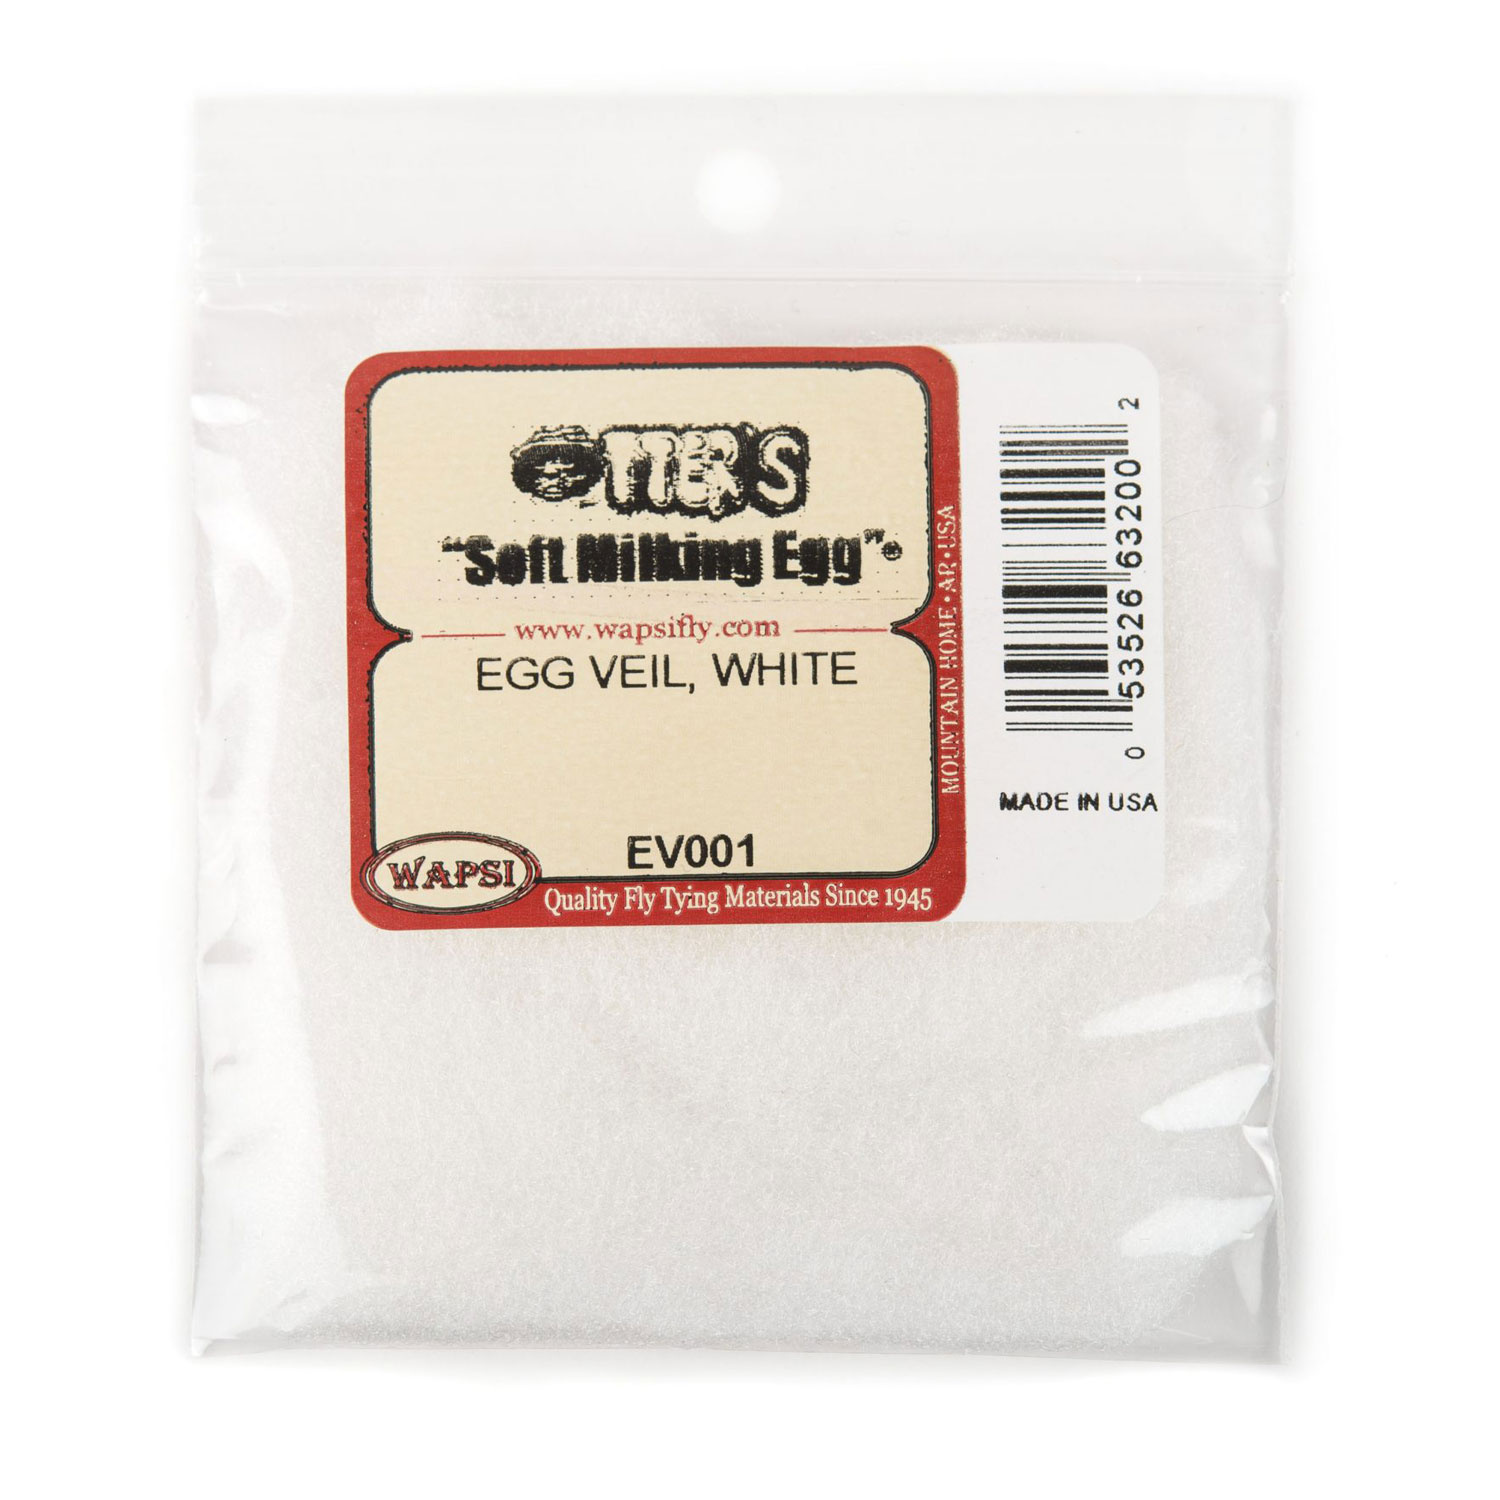 Egg Veil, White
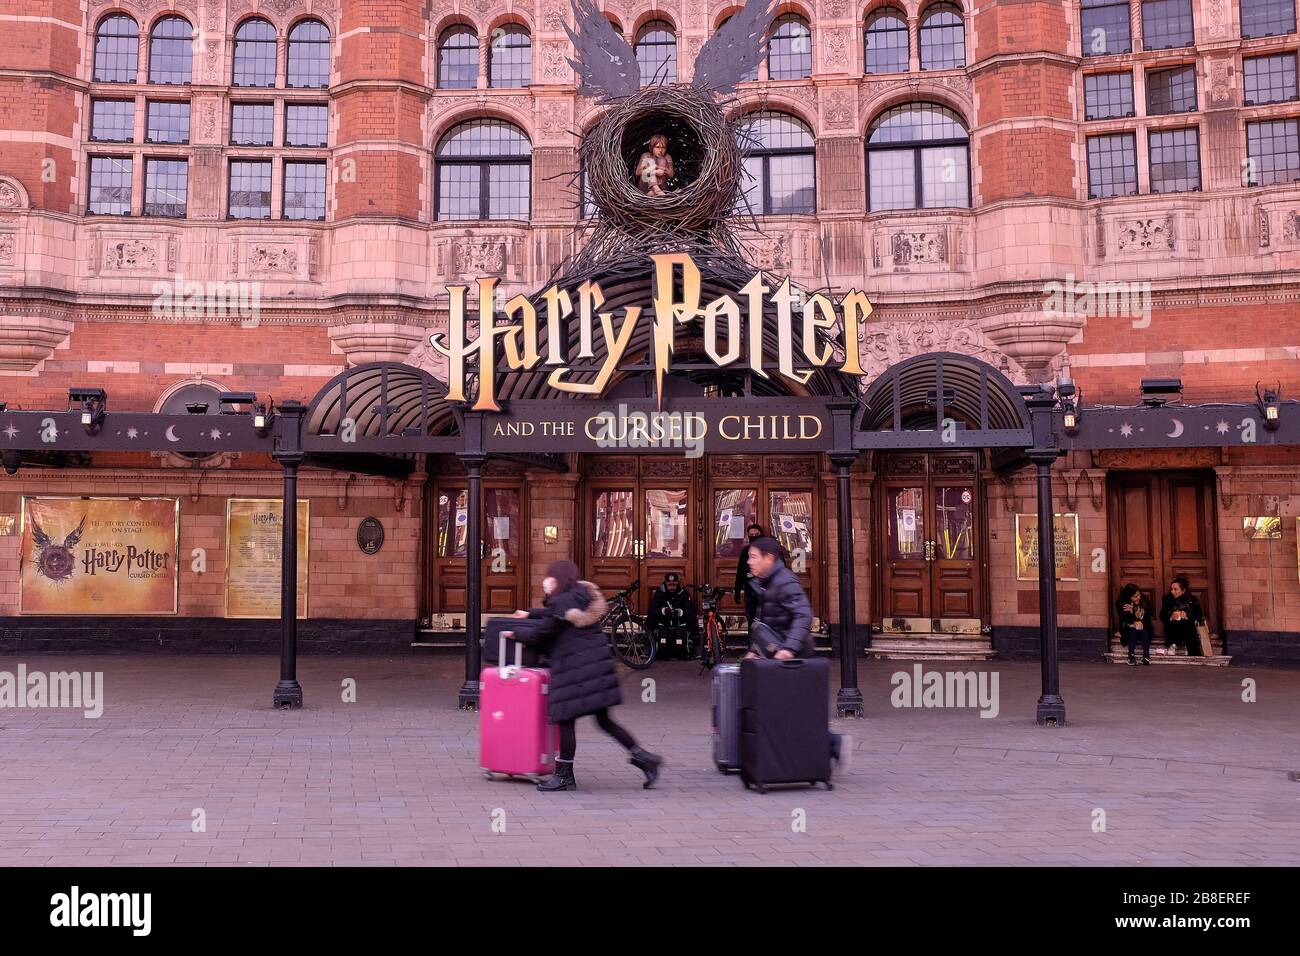 21 mars 2020 - Londres, Angleterre: Harry Potter et le virus Killer - les touristes portant des masques de visage fuient la ville pendant l'éclosion de Coronavirus Banque D'Images
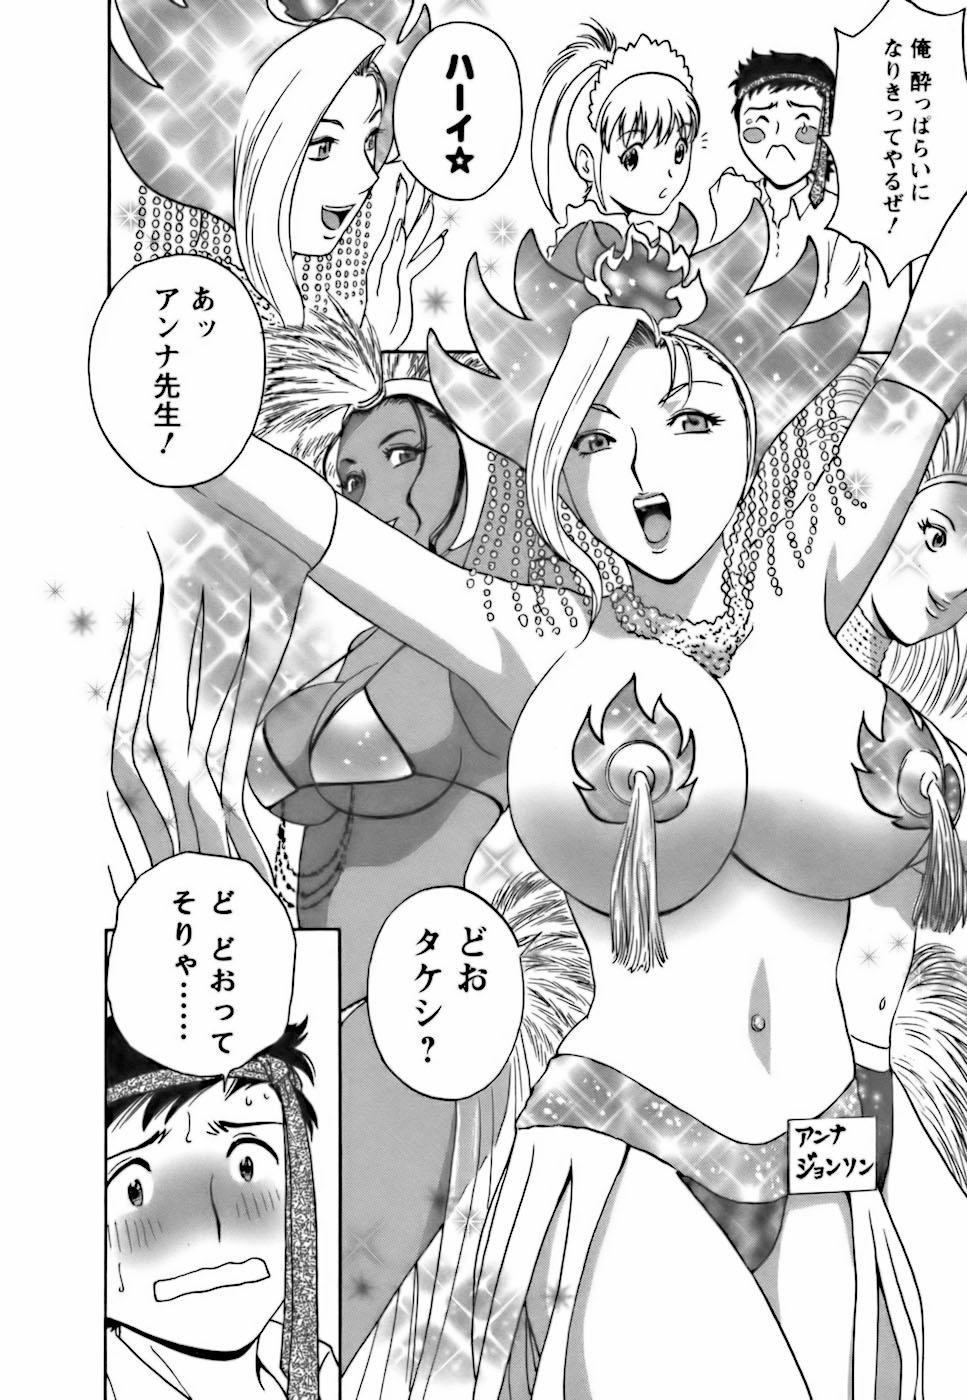 [Hidemaru] Mo-Retsu! Boin Sensei (Boing Boing Teacher) Vol.3 112
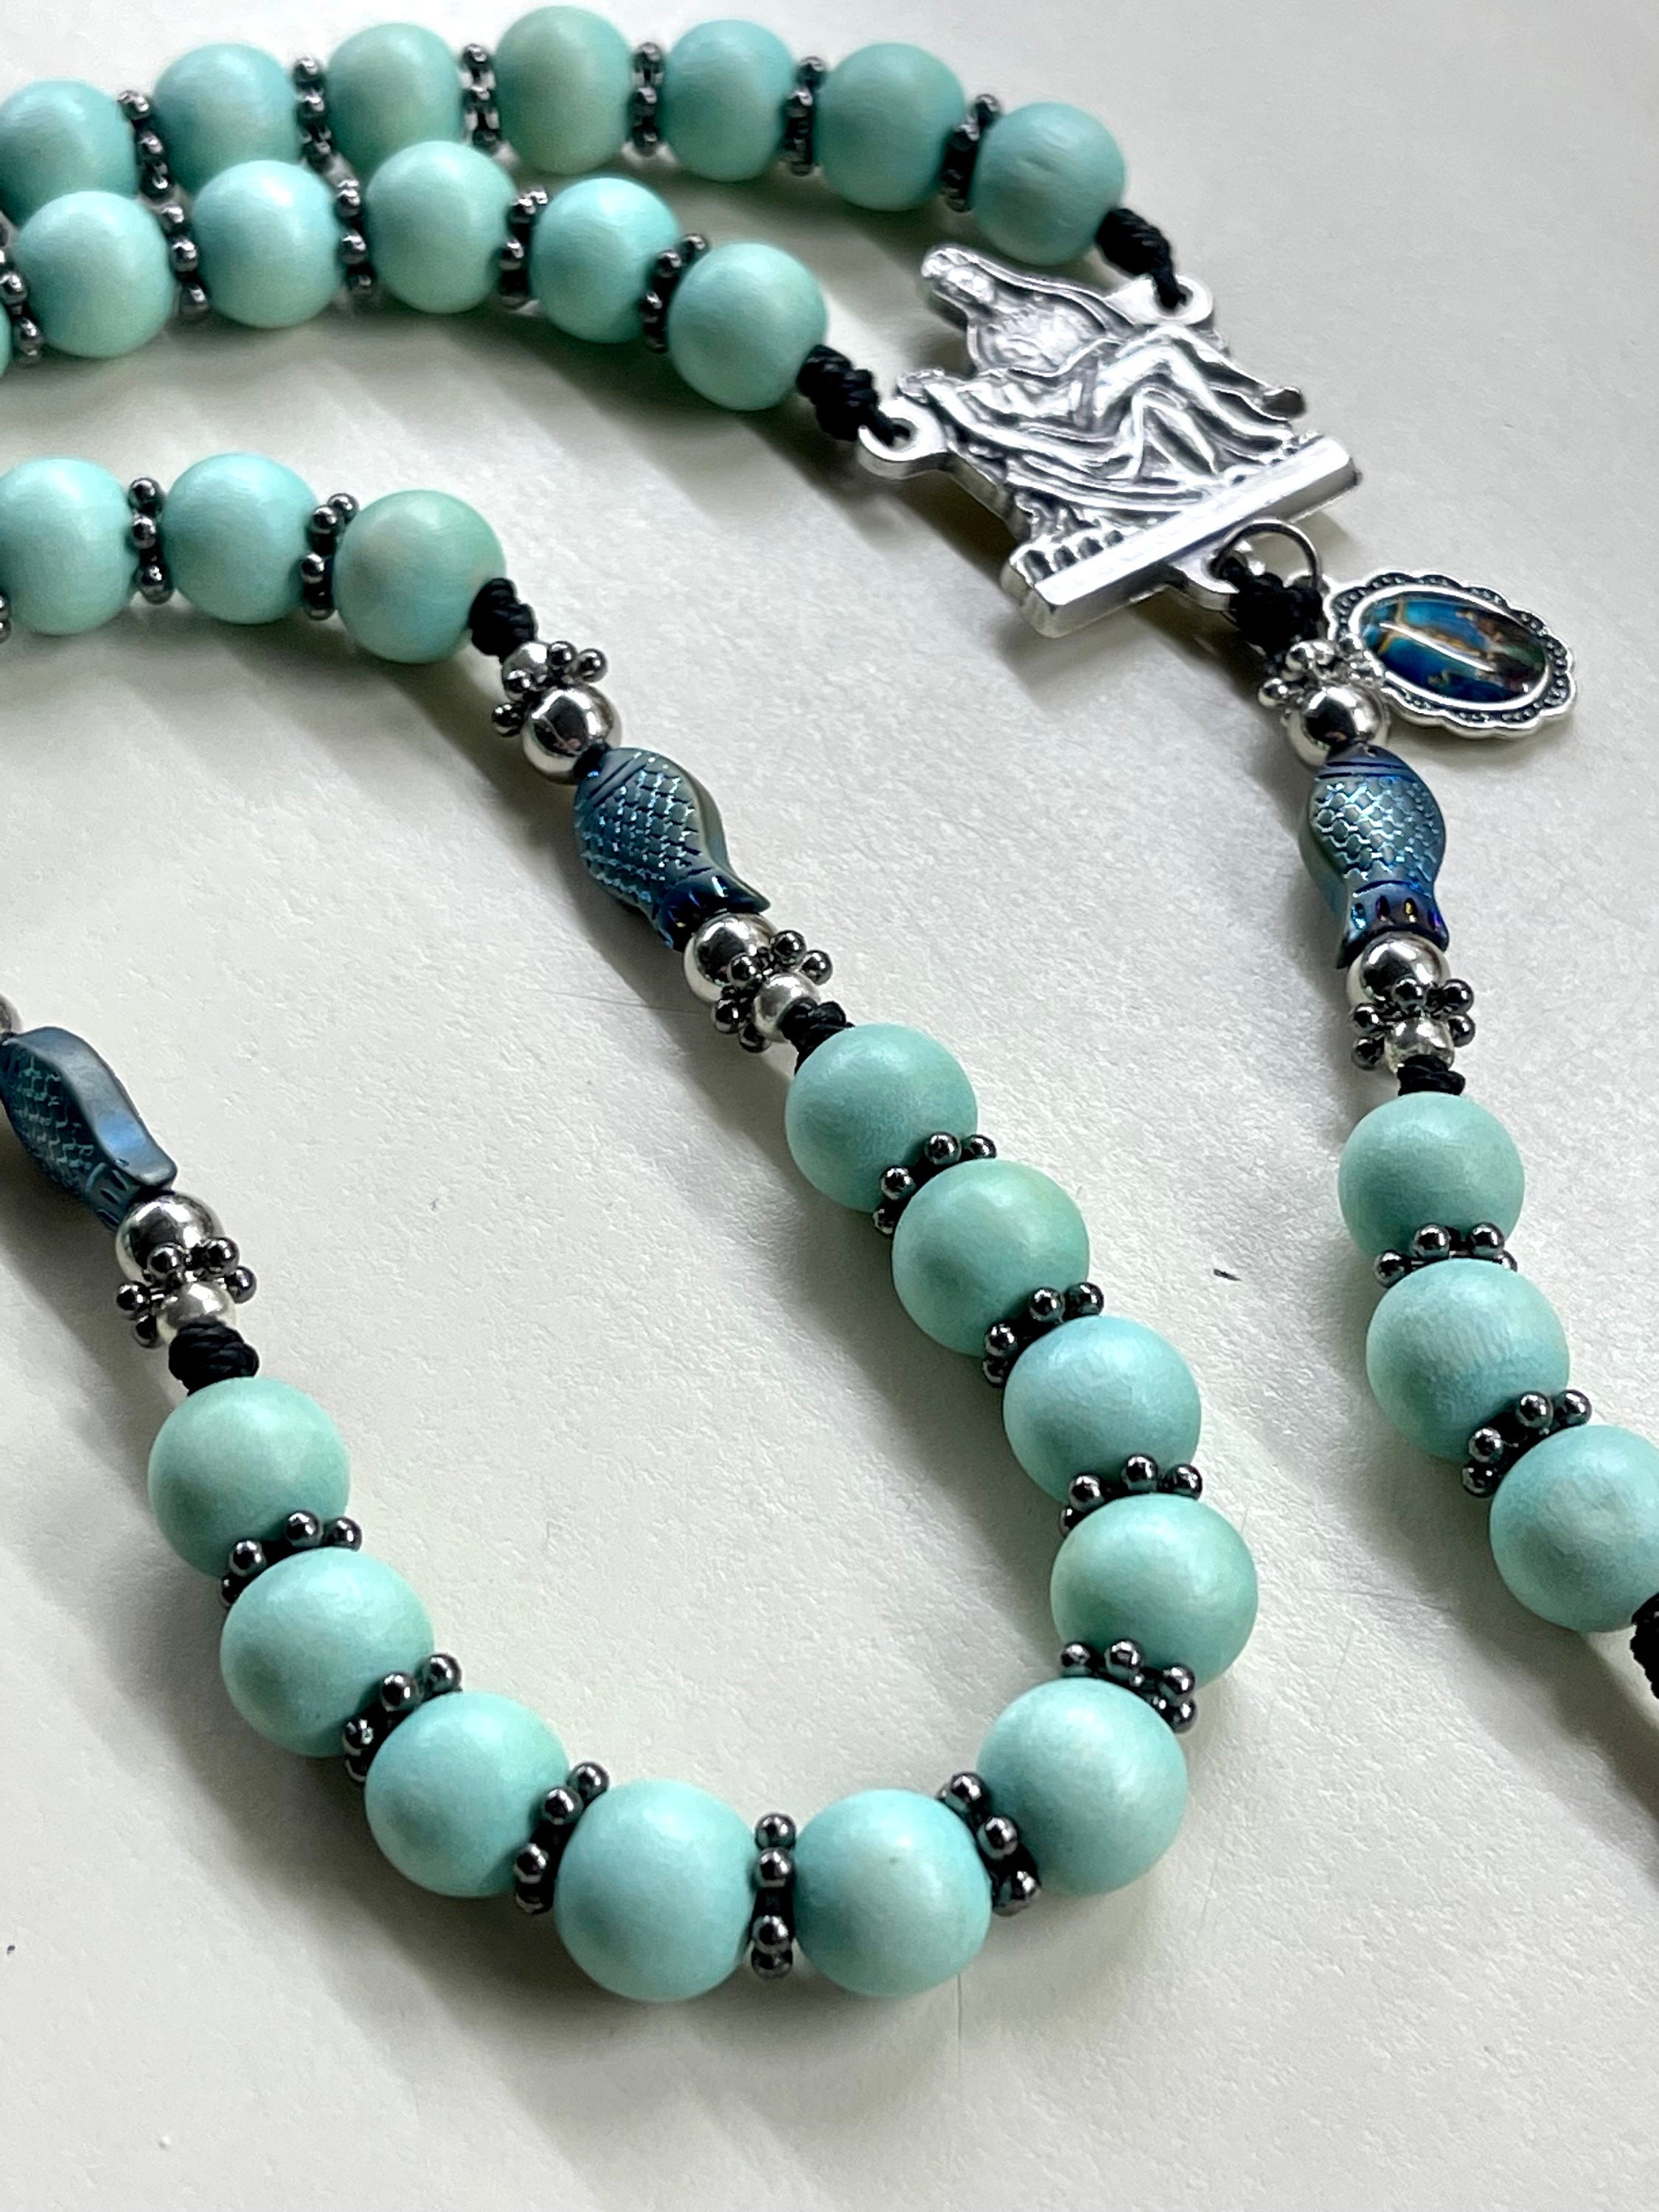 Rosary Beads the Chosen - Etsy

————————

PROMPT: Copy the listing character for character, pictures omitted.

ANSWER SPACE:
 Egg Veil, White
 21 mars 2020 - Londres, Angleterre: Harry Potter et le virus Killer - les touristes portant des masques de visage fuient la ville pendant l'éclosion de Coronavirus Banque D'Images
 [Hidemaru] Mo-Retsu! Boin Sensei (Boing Boing Teacher) Vol.3 112
 Rosary Beads the Chosen - Etsy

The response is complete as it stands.